Aurélie Jean : Absolument ! Pour la première fois dans l’histoire de l’humanité, les dirigeants étatiques et économiques de nos pays ne comprennent pas la révolution en cours. Nos dirigeants doivent comprendre les tenants et les aboutissants, les mécanismes sous-jacents des nouvelles technologies, afin de développer des visions, des stratégies, ou tout simplement innover. Dans ce cadre, Alain Buzzacaro d’Octo Technology et moi-même avons développé la première formation d’analytique et de code pour les dirigeants de nos pays, #Coding4CLevels. Octo Academy est un partenaire de choix car sa vision est alignée avec mes valeurs dans la transmission de la connaissance et la formation continue. Notre prochaine formation aura lieu les 6 et 7 juin à Paris, venez nombreux!
Votre autre engagement concerne la présence des femmes parmi les rangs des codeurs. Quelle vision et quels outils de changement défendrez-vous lors du salon Vivatech ?
Aurélie Jean : Les femmes ont pour la première fois dans l’histoire de l’humanité l’opportunité de créer à compétences égales avec les hommes le tissu social de demain. Les femmes doivent sauter sur cette opportunité en devenant des productrices des outils numériques et pas seulement des utilisatrices. Le rôle des femmes est également important dans le développement des outils numériques pour diversifier les visions, les manières de réfléchir afin d’éviter les biais dans ces outils et donc d’éviter toute discrimination technologique. A Vivatech, je vais parler des moyens d’éviter les biais algorithmiques et du rôle des femmes dans cette révolution numérique. Ma présentation a pour titre Biased Algorithms: Let The Fight Begins et aura lieu le vendredi 25 Mai à 14:25, je vous attends!

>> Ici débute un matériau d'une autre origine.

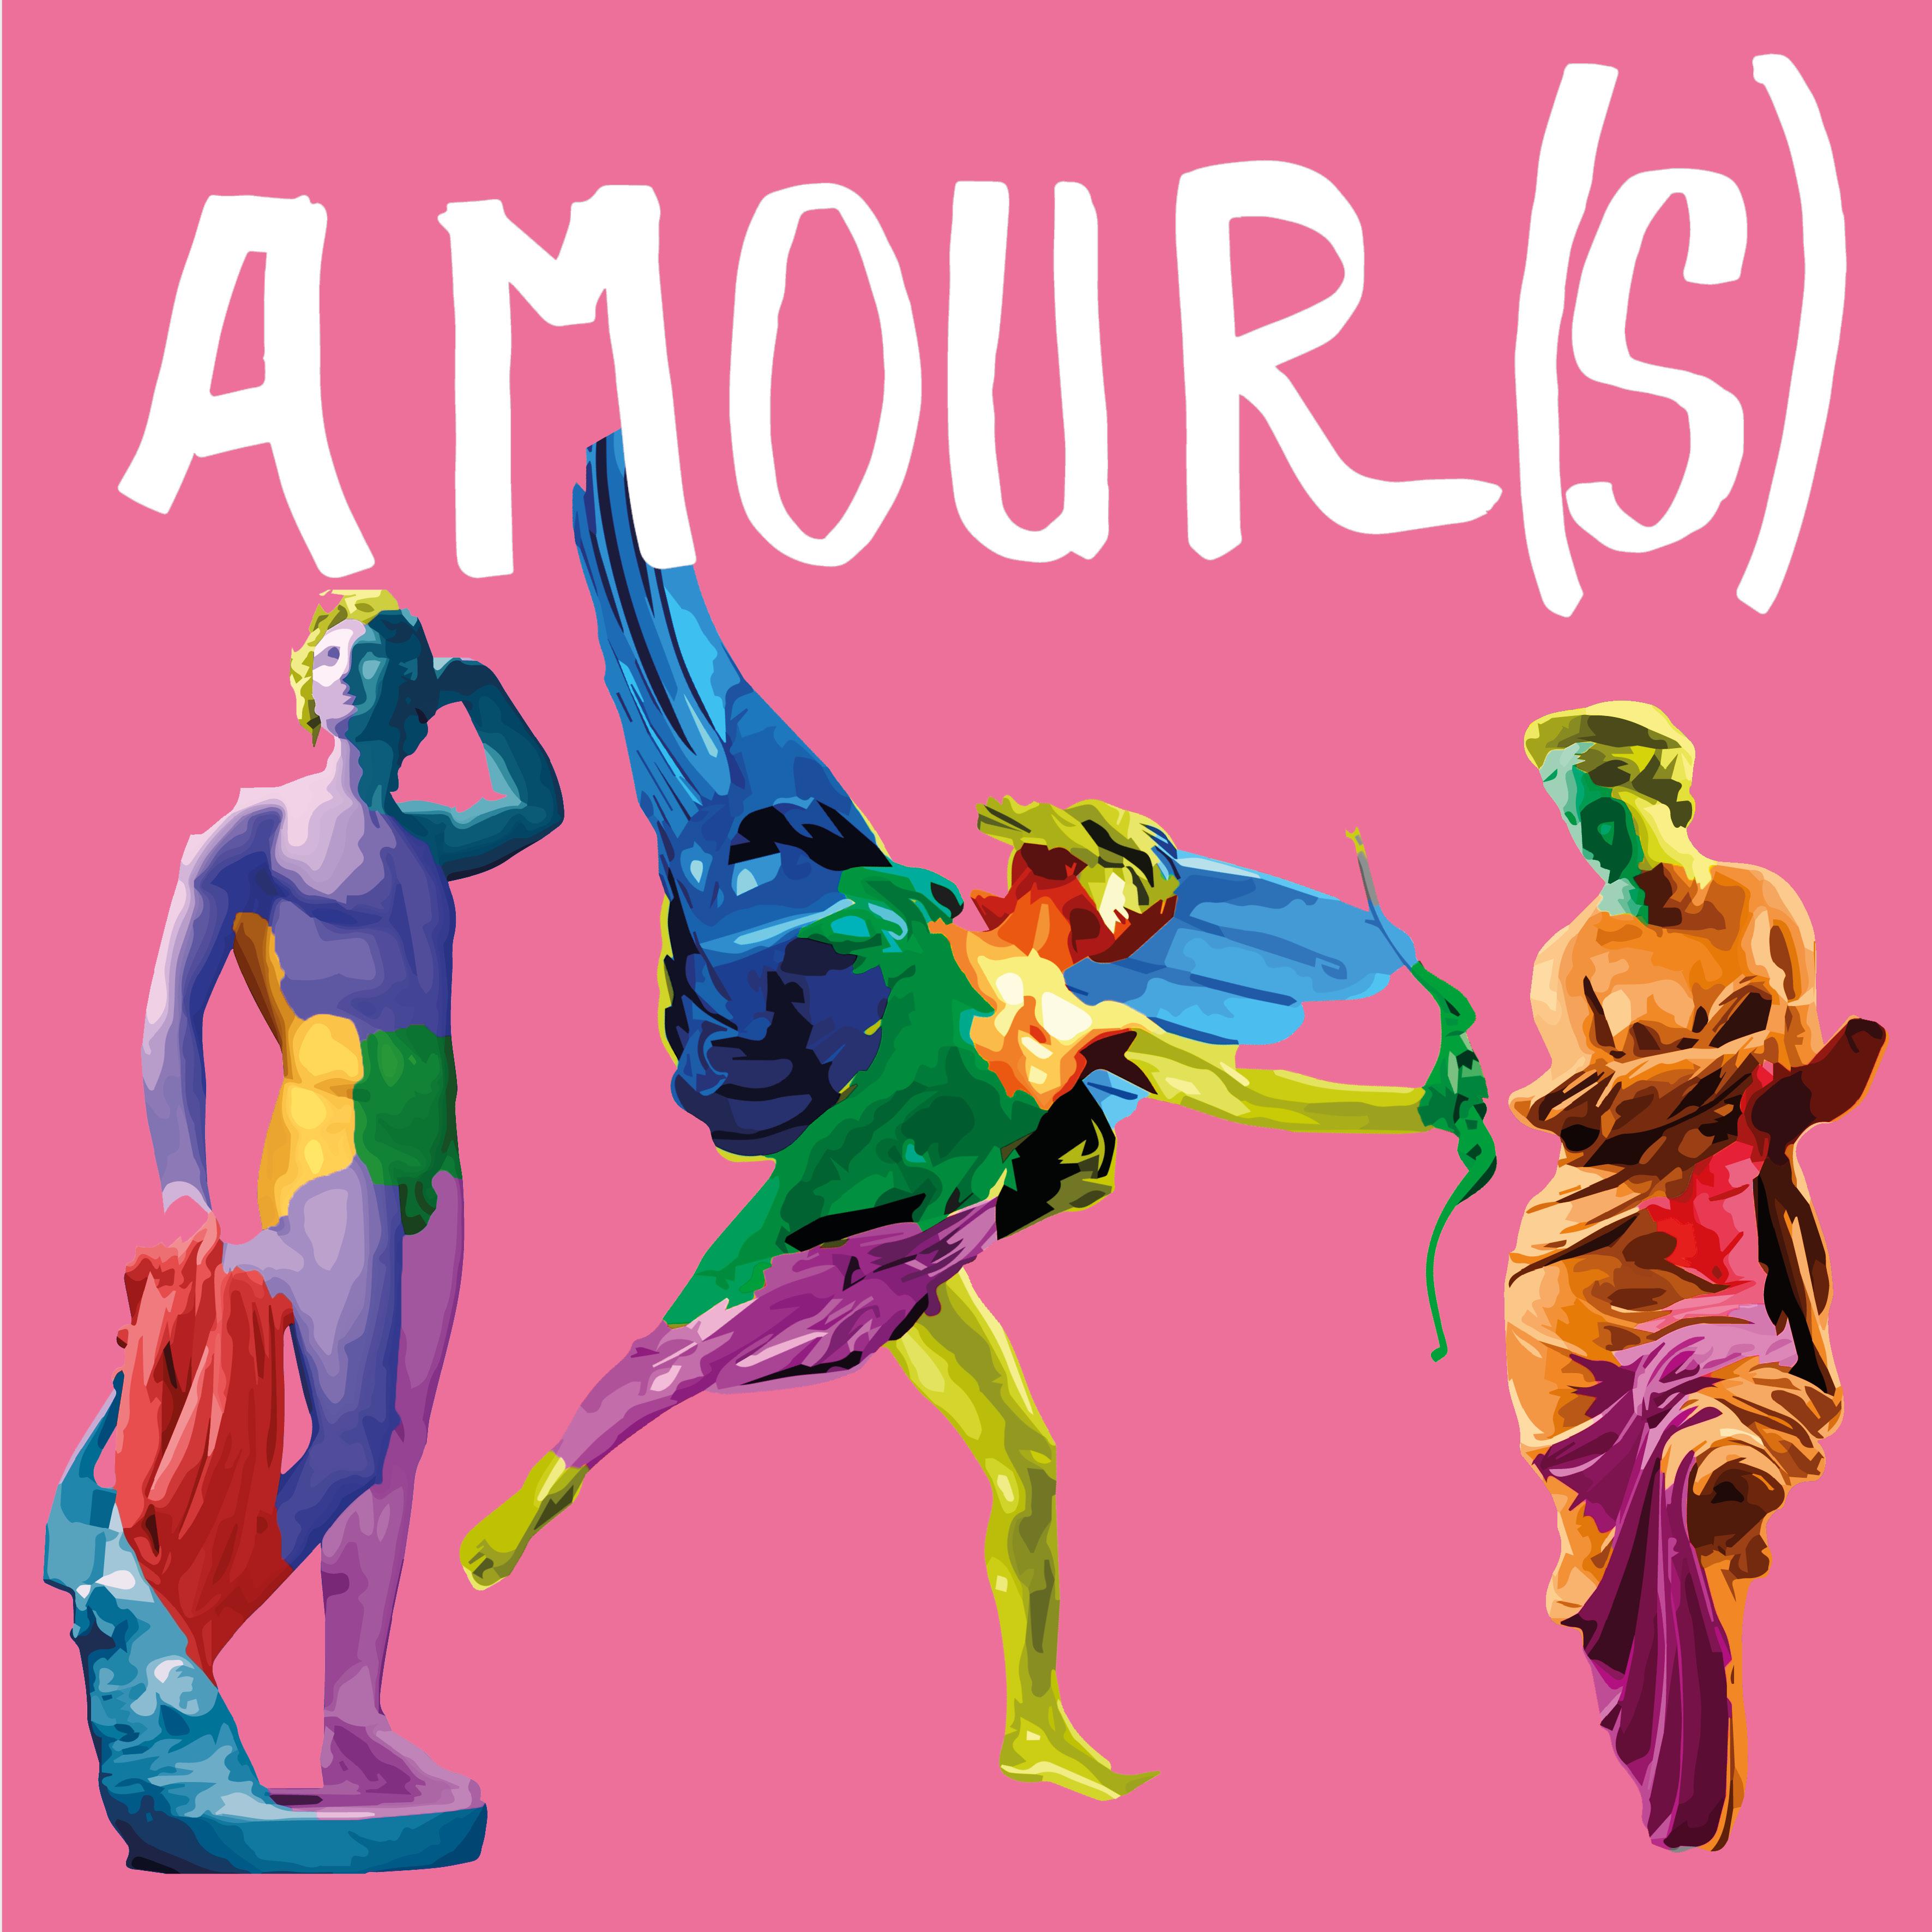 amour(s)JA_©theatre_de_chelles

L’une des raisons pour lesquelles les femmes ne se dirigent pas vers la tech, réside notamment dans le fait que ces métiers leur semblent parfois être dépourvus de sens en comparaison avec des métiers comme ceux du Care. Vous souhaitez justement démontrer que le métier de développeur peut avoir un fort impact dans des secteurs tels que les sciences, l’éducation, la santé ?
Aurélie Jean : Oui ! Je prends souvent mon exemple, j’ai appliqué mes compétences en mathématiques appliquées et en programmation informatique en ingénierie, médecine, éducation, économie, finance, art et journalisme. J’ai étudié les mécanismes du traumatismes crânien, amélioré les techniques de croissance de tissu cardiaque en laboratoire, contribué à rendre la finance transparente, développé des méthodes d’éducation à distance … Je pense avoir un fort impact dans ce que j’entreprends au quotidien, je modèle le monde de demain pour tous.
Vous faites partie de notre jury du Business O Féminin Award qui récompensera une startup féminine avec une potentialité de développement à l’international, ainsi qu’une jeune porteuse de projet avec les Young Business O Féminin Award. Quels sont les critères sur lesquels vous porterez le plus votre attention pour choisir les heureuses gagnantes ?
Aurélie Jean : L’innovation, la créativité, l’impact et le leadership. Un projet est innovant si le niveau de créativité est élevé ainsi que l’impact large. Il y a un autre point que je regarde et qui est la possible transversalité du projet, en d’autres termes comment ce projet, le produit développé peut être translaté vers un autre domaine. Je crois fortement en l’interdisciplinarité et selon moi notre avenir se construit de plus en plus sur ce paradigme. Je suis très honorée d’avoir été choisie pour participer au jury cette année, et j’espère être à la hauteur!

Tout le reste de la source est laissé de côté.